The following classes represent the strategy selection:

    public interface Strategy<T> {
        List<T> execute(Config config);
    }



    public enum NumberStrategy {

        ORDERED(new OrderedStrategy()),
        INTERLACED(new InterlacedStrategy());

        private Strategy<Integer> strategy;

        NumberStrategy(Strategy<Integer> strategy) {
            this.strategy = strategy;
        }

        public Strategy<Integer> getStrategy() {
            return strategy;
        }
    }

    public class OrderedStrategy implements Strategy<Integer> {
        // implementation code omitted - see git repository
    }

For the purpose of this code review I have put the number block generation method in utility class. The generateBlocks method should generate all the blocks of numbers and arrange them in an interlaced manner as described above. They would then be persisted in the database a retrieved for each request for two numbers.

    public class Utils {

        public static List<Block> sortedBlocks = new ArrayList<>();

        /**
         * Make the blocks for the given raffle.
         */
        public static void generateBlocks(Config config) {

            sortedBlocks.clear();

            int possibleRange = (config.getLastNumber() - config.getInitialNumber()) + 1;

            double numberOfBlocks = possibleRange / config.getBlockSize();

            List<Block> blocks = new ArrayList<>();

            int currentBlockStart = config.getInitialNumber();
            int currentBlockEnd;

            for (int i = 1; i <= numberOfBlocks; i++) {
                currentBlockEnd = currentBlockStart + config.getBlockSize() - 1;

                // Last block end number will always be equal to the endRange number
                if (i == numberOfBlocks) {
                    currentBlockEnd = config.getLastNumber();
                }

                Block block = new Block(i, currentBlockStart, currentBlockEnd, null, Block.Status.LIVE);

                blocks.add(block);
                currentBlockStart = (currentBlockEnd + 1);
            }

            // Split chucks and order
            List<Block> listOddBlocks = blocks
                    .stream()
                    .filter(block -> block.getIdx() % 2 == 1)
                    .sorted(Block::compareTo)
                    .collect(Collectors.toList());

            List<Block> listEvenBlock = blocks
                    .stream()
                    .filter(block -> block.getIdx() % 2 == 0)
                    .sorted(Block::compareTo)
                    .collect(Collectors.toList());

            // Concatenate the two lists.
            sortedBlocks.addAll(listOddBlocks);
            sortedBlocks.addAll(listEvenBlock);

            // Reindex chucks to allow ordering
            int[] idx = {0};
            sortedBlocks.stream().forEachOrdered(block -> block.setIdx(idx[0]++));

            // persist in db
            // Store in class for ease of demonstration

        }
    }

The InterlacedStrategy class is the strategy implementation that selects the next two numbers from the relevant blocks as per the details above.

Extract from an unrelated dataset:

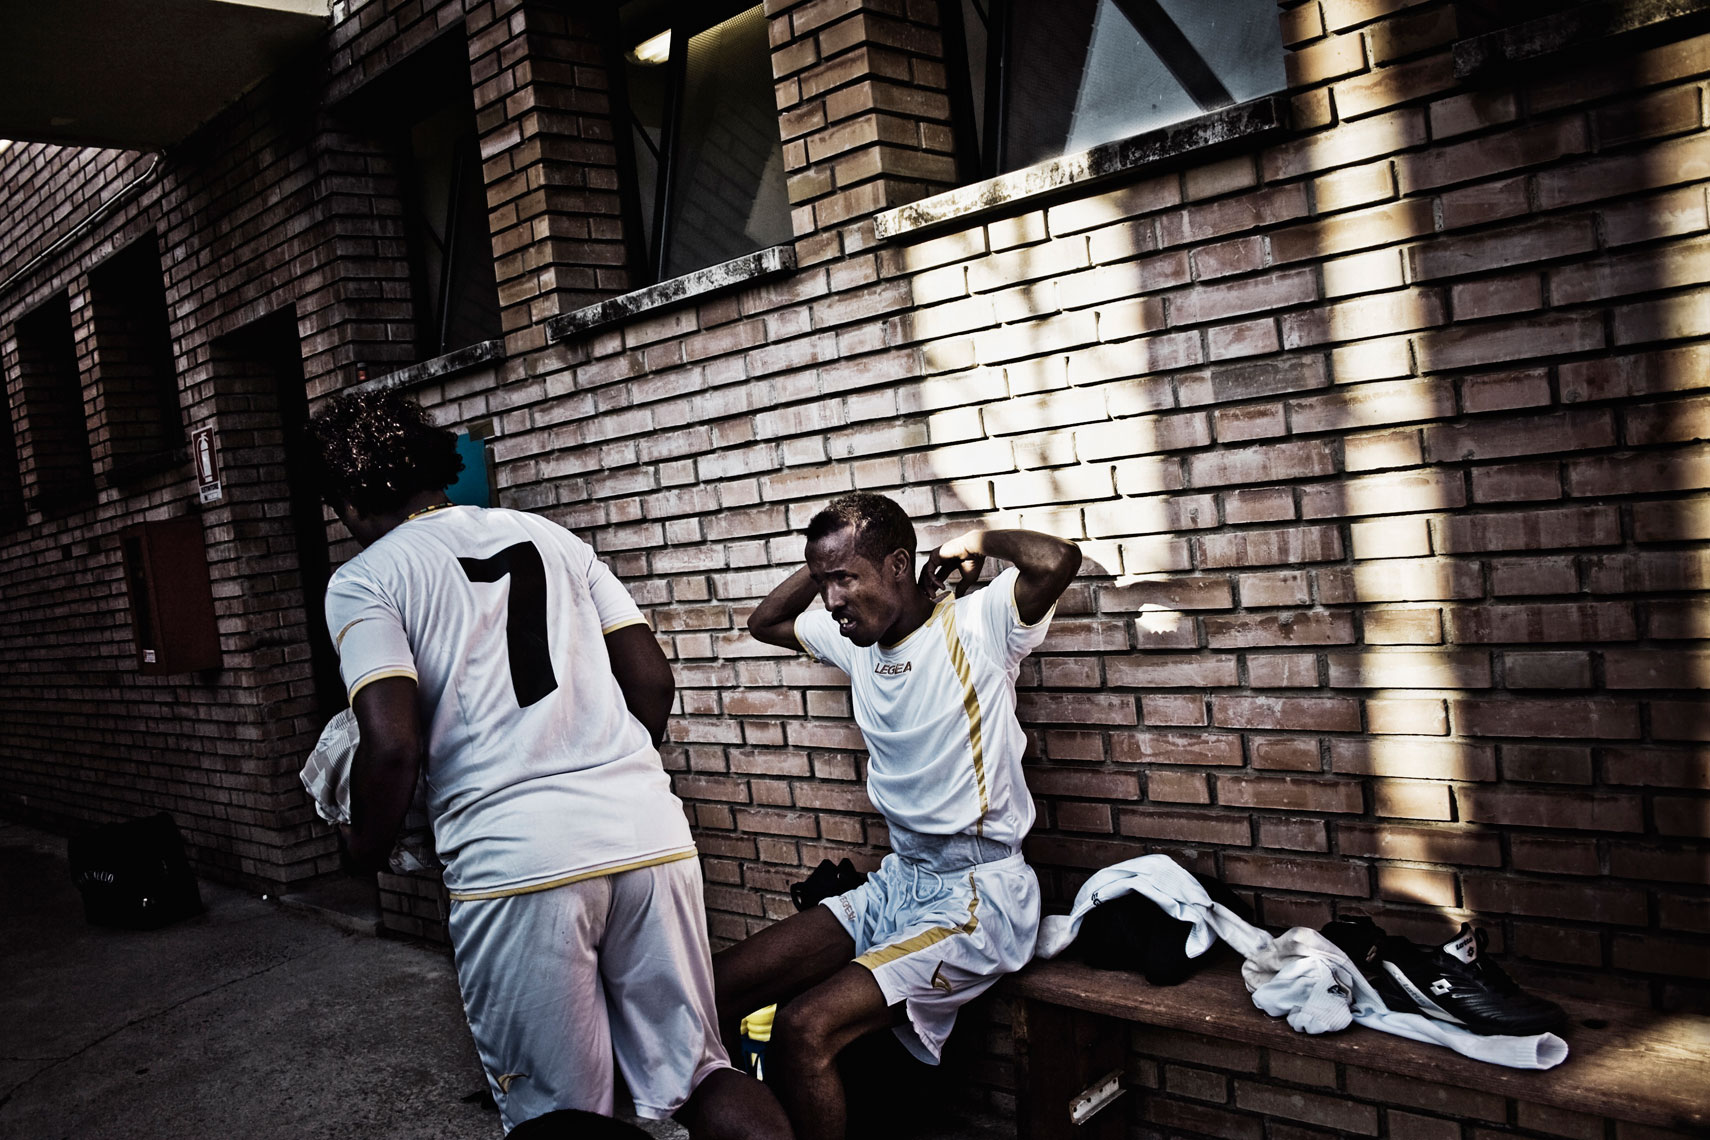 ITALY. Casalecchio di Reno, Bologna, 8th July 2010. During the "Anti-Racist World Cup". Two of the members of a soccer team composed by Somali refugees who are living in a shelter for refugees located in the building of the former "Hotel Real" in the outskirts of Florence.
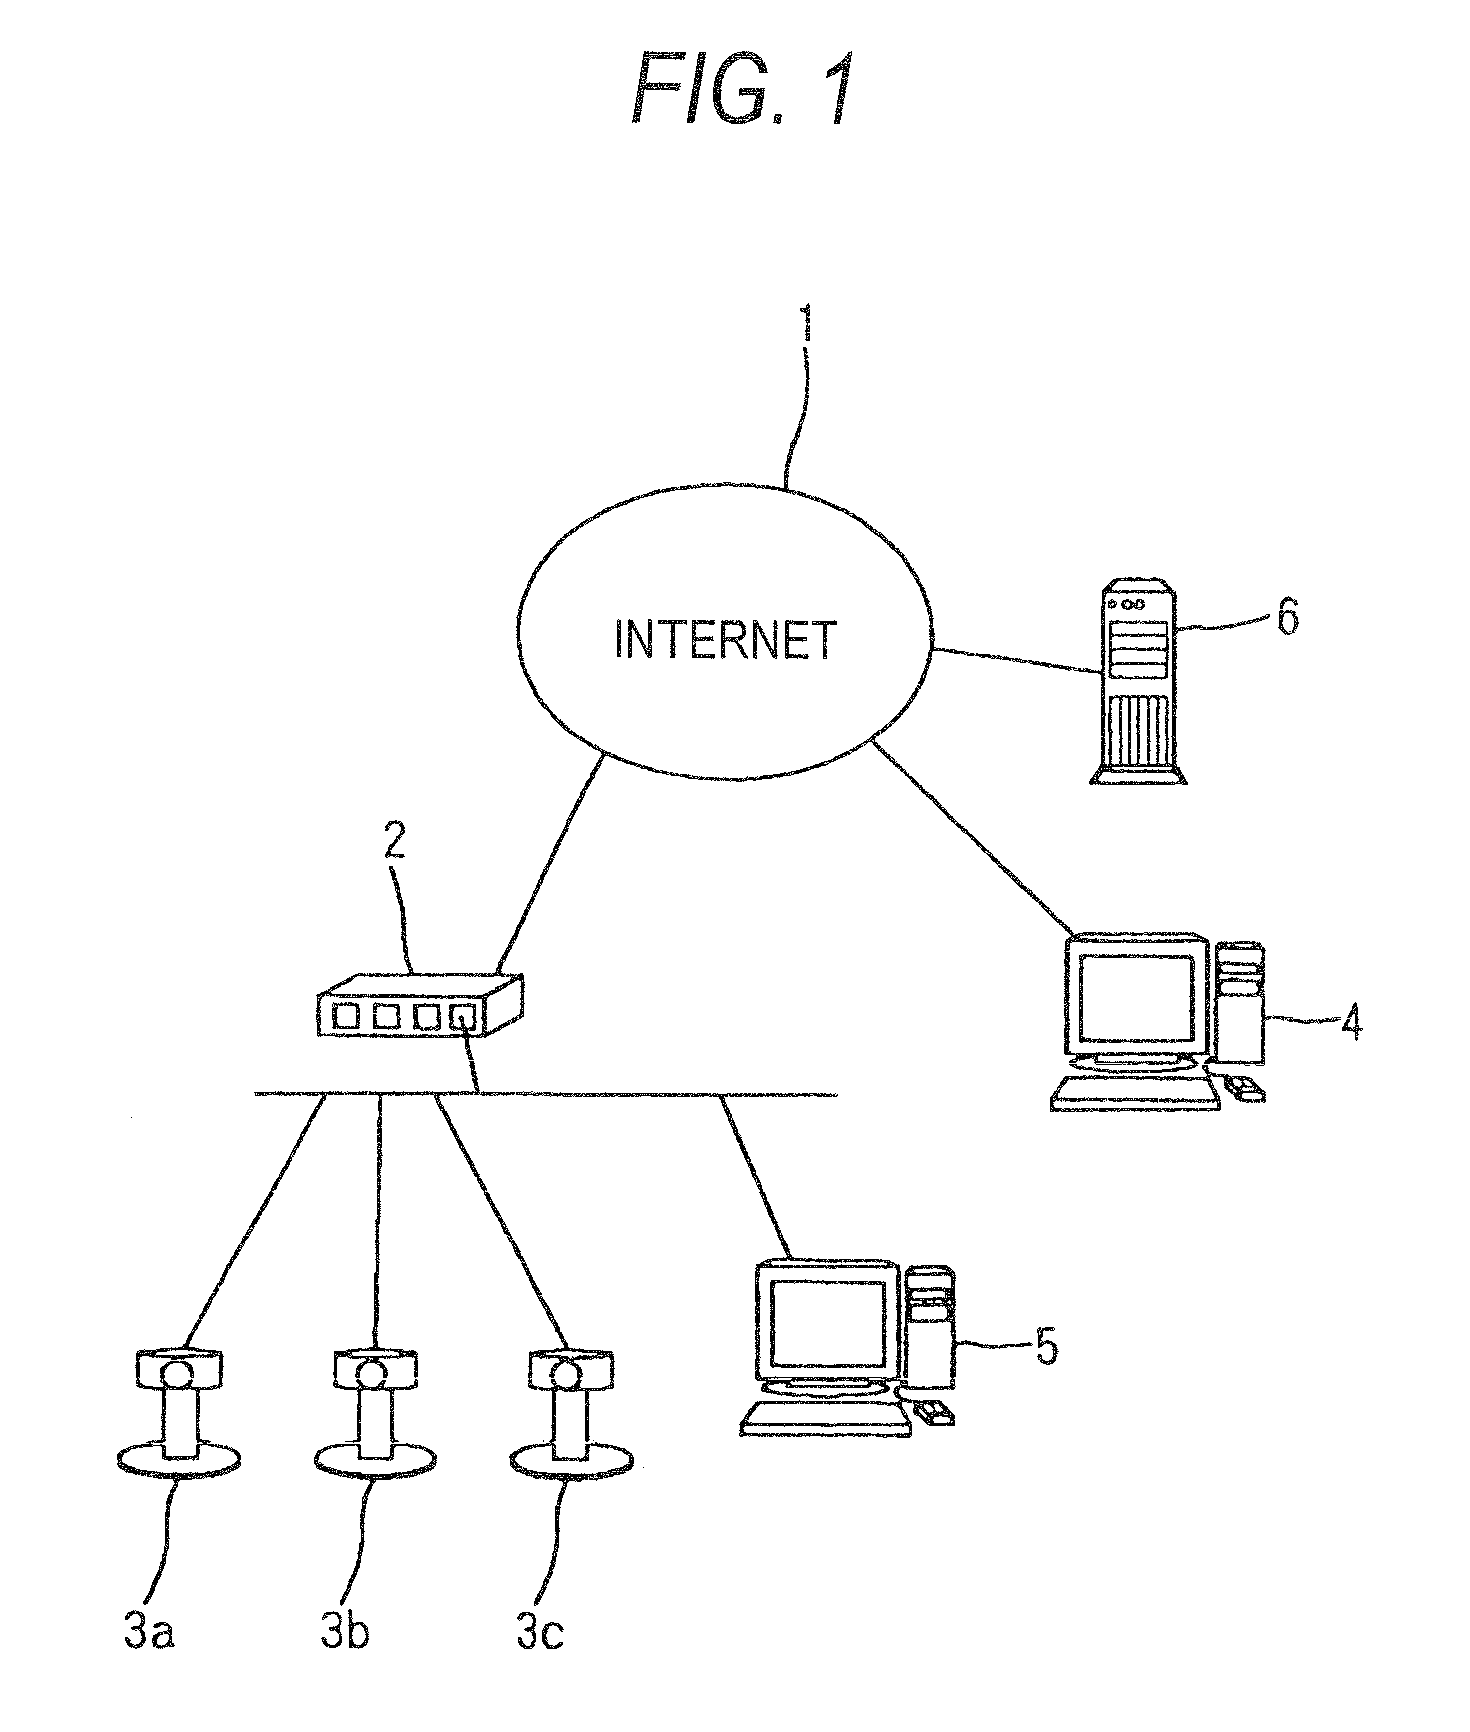 IP device, management server, and network system

public class InterlacedStrategy implements Strategy<Integer> {

@Override
public List<Integer> execute(Config config) {

    // Should retrieve the blocks from the database
    List<Block> sortedBlocks = Utils.sortedBlocks;

    // Select the first two blocks
    Block block1 = sortedBlocks.get(0);
    block1.setStatus(Block.Status.IN_USE);
    Block block2 = sortedBlocks.get(1);
    block2.setStatus(Block.Status.IN_USE);

    // Generate number from block1
    Integer previousNumber = block1.getPreviousNumber();
    Integer nextNumberBlock1;
    if (previousNumber == null) {
        nextNumberBlock1 = block1.getStartOfBlock();
    } else {
        nextNumberBlock1 = ++previousNumber;
    }
    block1.setPreviousNumber(nextNumberBlock1);

    // Generate number from block2
    previousNumber = block2.getPreviousNumber();
    Integer nextNumberBlock2;
    if (previousNumber == null) {
        nextNumberBlock2 = block2.getEndOfBlock();
    } else {
        nextNumberBlock2 = --previousNumber;
    }
    block2.setPreviousNumber(nextNumberBlock2);

    if (nextNumberBlock1.equals(block1.getEndOfBlock())) {
        block1.setStatus(Block.Status.DEAD);

        List<Block> tempArray = sortedBlocks.stream()
                .filter(block -> block.getStatus() == Block.Status.LIVE)
                .collect(Collectors.toList());

        if (!tempArray.isEmpty()) {
            block1 = tempArray.get(0);
            block1.setStatus(Block.Status.IN_USE);
        } else {
            return new ArrayList<>();
        }
    }

    if (nextNumberBlock2.equals(block2.getStartOfBlock())) {
        block2.setStatus(Block.Status.DEAD);

        List<Block> tempArray = sortedBlocks.stream()
                .filter(block -> block.getStatus() == Block.Status.LIVE)
                .collect(Collectors.toList());

        if (!tempArray.isEmpty()) {
            block2 = tempArray.get(0);
            block2.setStatus(Block.Status.IN_USE);
        } else {
            return new ArrayList<>();
        }
    }

    // Should persist the blocks to the database

    List<Integer> numbers = new ArrayList<>();
    numbers.add(nextNumberBlock1);
    numbers.add(nextNumberBlock2);
    return numbers;
}

}

I would appreciate a review of two things:

1. The use of the enum strategy pattern, but more importantly the generation of the interlaced blocks of numbers
2. Selection of those numbers

I have no doubt that there is a far more elegant way to generate the interlaced blocks.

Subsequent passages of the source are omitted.